Depreciation Recapture Elimination
What It Is
When you own commercial property, you can claim depreciation deductions each year to lower your taxable income. Over time, these deductions add up. Normally, when you sell the property, the IRS requires you to “pay back” some of those tax savings through depreciation recapture taxes.
- For standard real estate depreciation (known as Section 1250 gain), the recapture tax rate is up to 25%.
- For accelerated depreciation (known as Section 1245 property, like certain tangible personal property), recapture can be taxed at ordinary income rates, reaching as high as 37%.
However, when a property is inherited instead of sold during the owner’s lifetime, there is no taxable sale, which means the recapture taxes vanish completely [3].
Why It Matters
Knowing that depreciation recapture disappears upon inheritance changes how investors plan during their lifetime:
- Owners can take full advantage of cost segregation studies and bonus depreciation to maximize tax deductions while alive.
- There’s no need to worry about triggering a big recapture tax bill later, because the step-up in basis wipes it out.
This creates a win-win scenario: higher tax savings during ownership and zero recapture liability for heirs.
Key Data Points
- Section 1250 recapture (25% rate) = eliminated upon inheritance.
- Section 1245 recapture (ordinary income up to 37%) = also eliminated.
- Combining 1031 exchanges with a final step-up (“swap ’til you drop”) lets investors defer taxes repeatedly and then erase both deferred gains and recapture taxes at death [3].
- After inheriting, heirs also receive a fresh depreciation schedule, adding another layer of tax benefits [9].
Real-World Insight
A real estate partnership used a cost segregation study to claim $2 million in bonus depreciation deductions. If they sold the property during their lifetime, they would face a federal recapture tax of about $500,000. Instead, they held onto the property until the last surviving partner passed away. Thanks to the step-up in basis, their heirs inherited the property without owing a single dollar in recapture tax—an example of how strategic planning can create major tax savings.

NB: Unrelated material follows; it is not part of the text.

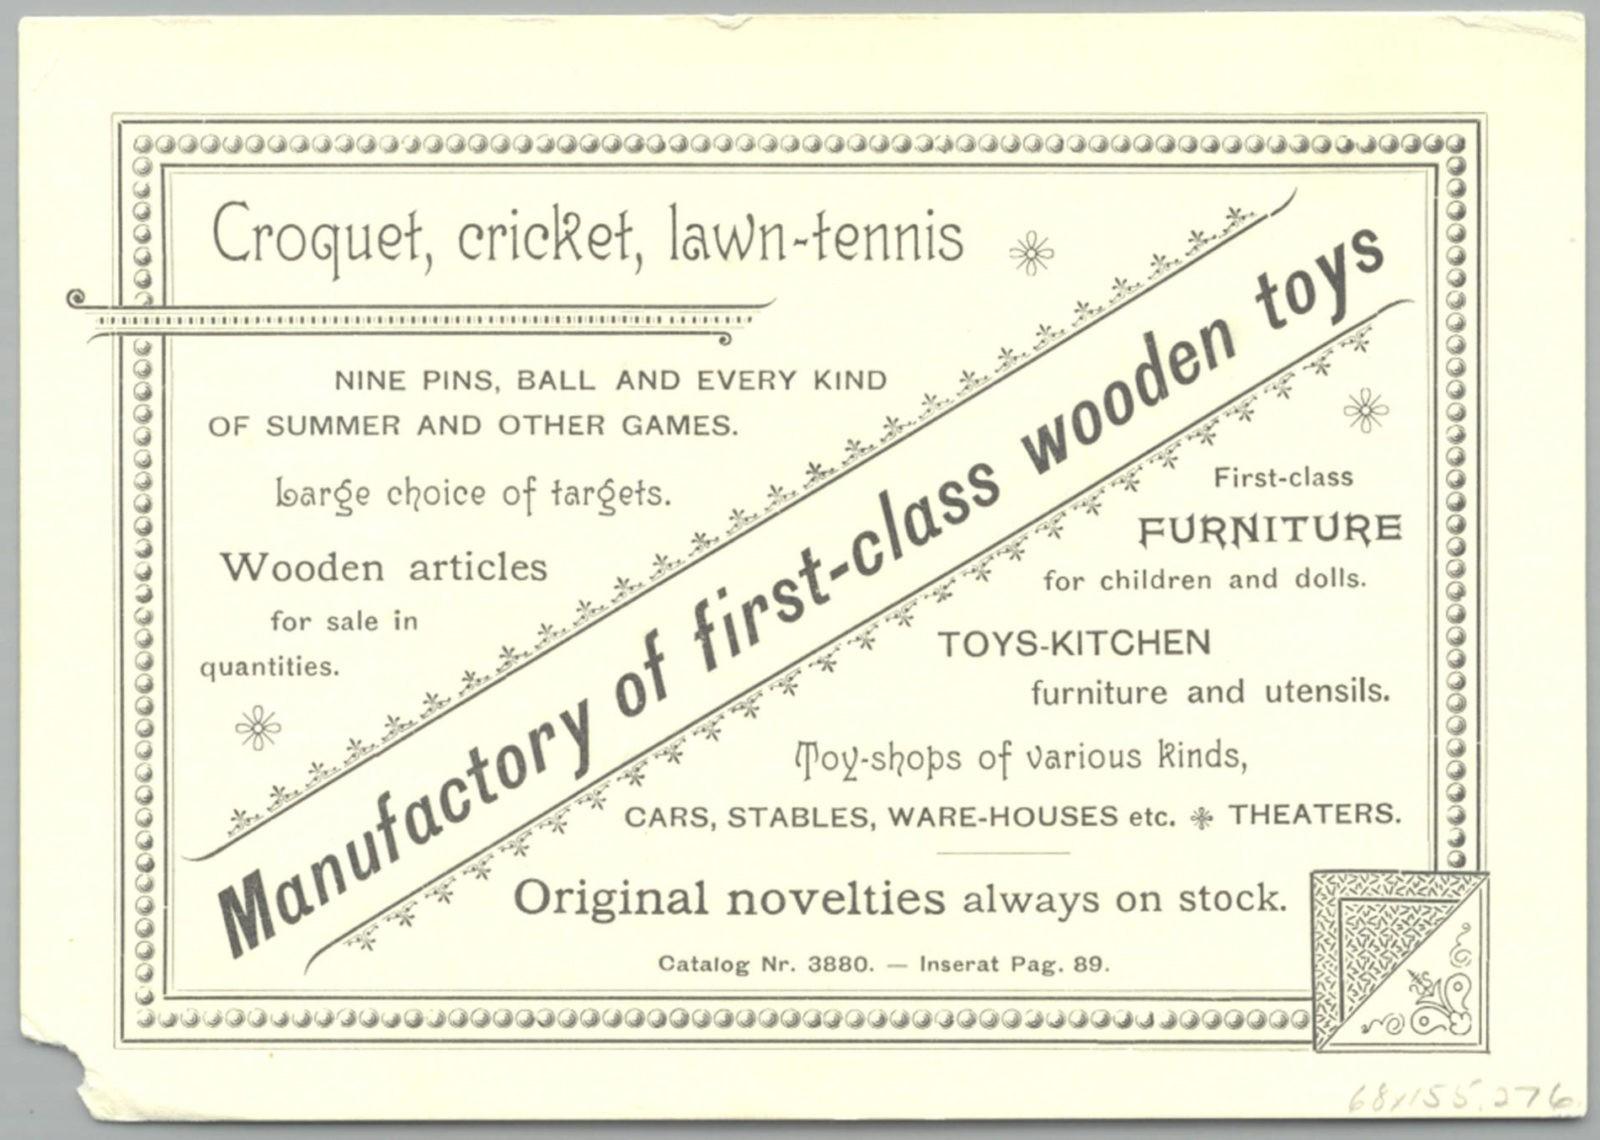 Игра крокет - Рекламная листовка 1893 года
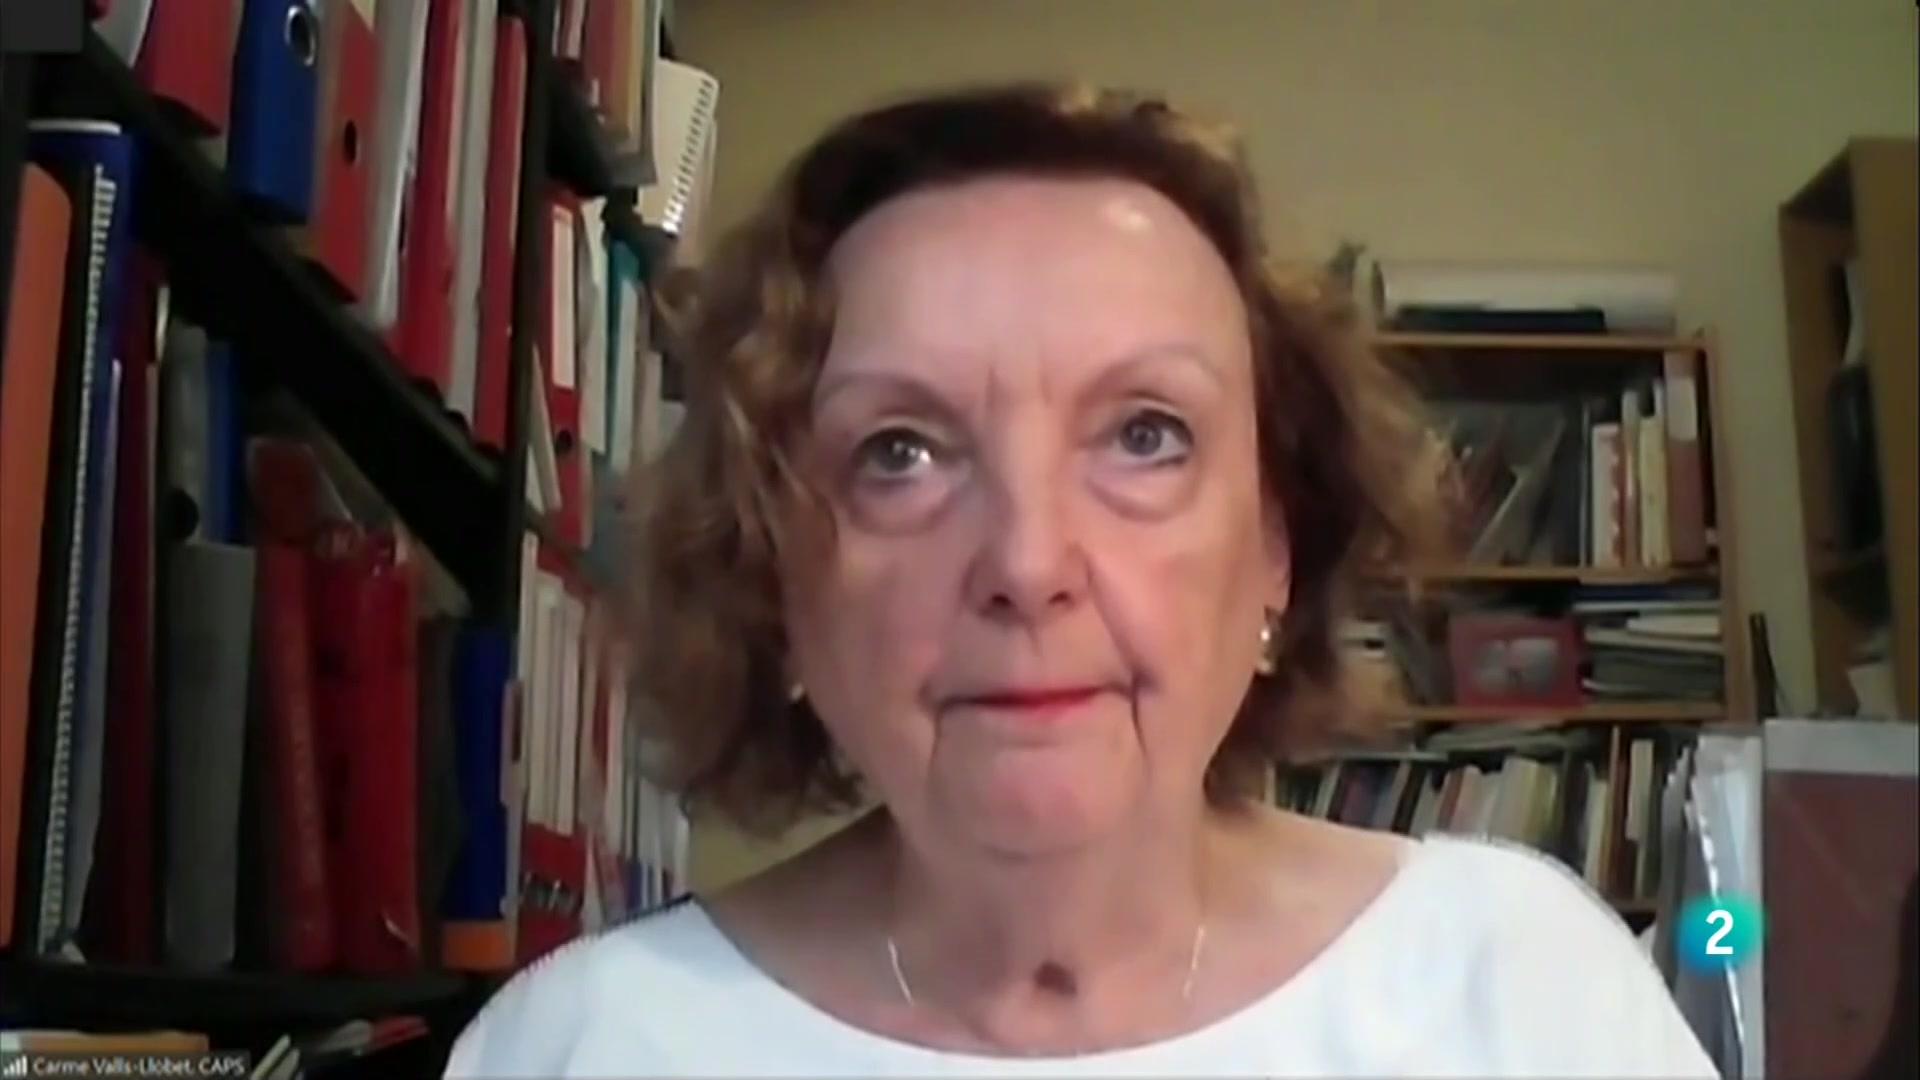 """Carme Valls : """"Les dones tenen més efectes secundaris per una millor reacció immunològica"""""""

Community Property Double Step-Up Advantage – Maximizing the Benefit for Married Couples
What It Is
For married couples, property ownership structure can make a huge difference in estate planning. Under IRC §1014(b)(6), when a spouse in a community-property state passes away, both halves of the jointly owned property receive a full step-up in basis.
This is different from common-law states, where only the deceased spouse’s 50% share of the property gets a step-up. The surviving spouse’s share keeps its original, lower tax basis.
There are nine states that automatically treat marital assets as community property:
Arizona, California, Idaho, Louisiana, Nevada, New Mexico, Texas, Washington, and Wisconsin.
Additionally, five other states—Alaska, Florida, Kentucky, South Dakota, and Tennessee—allow married couples to create community-property trusts, even if they live in a common-law state [4][7].
Why It Matters
This double step-up can completely eliminate built-in capital gains on a property when one spouse dies. The surviving spouse then has two major advantages:
- They could sell the property immediately with no capital gains tax on the lifetime appreciation.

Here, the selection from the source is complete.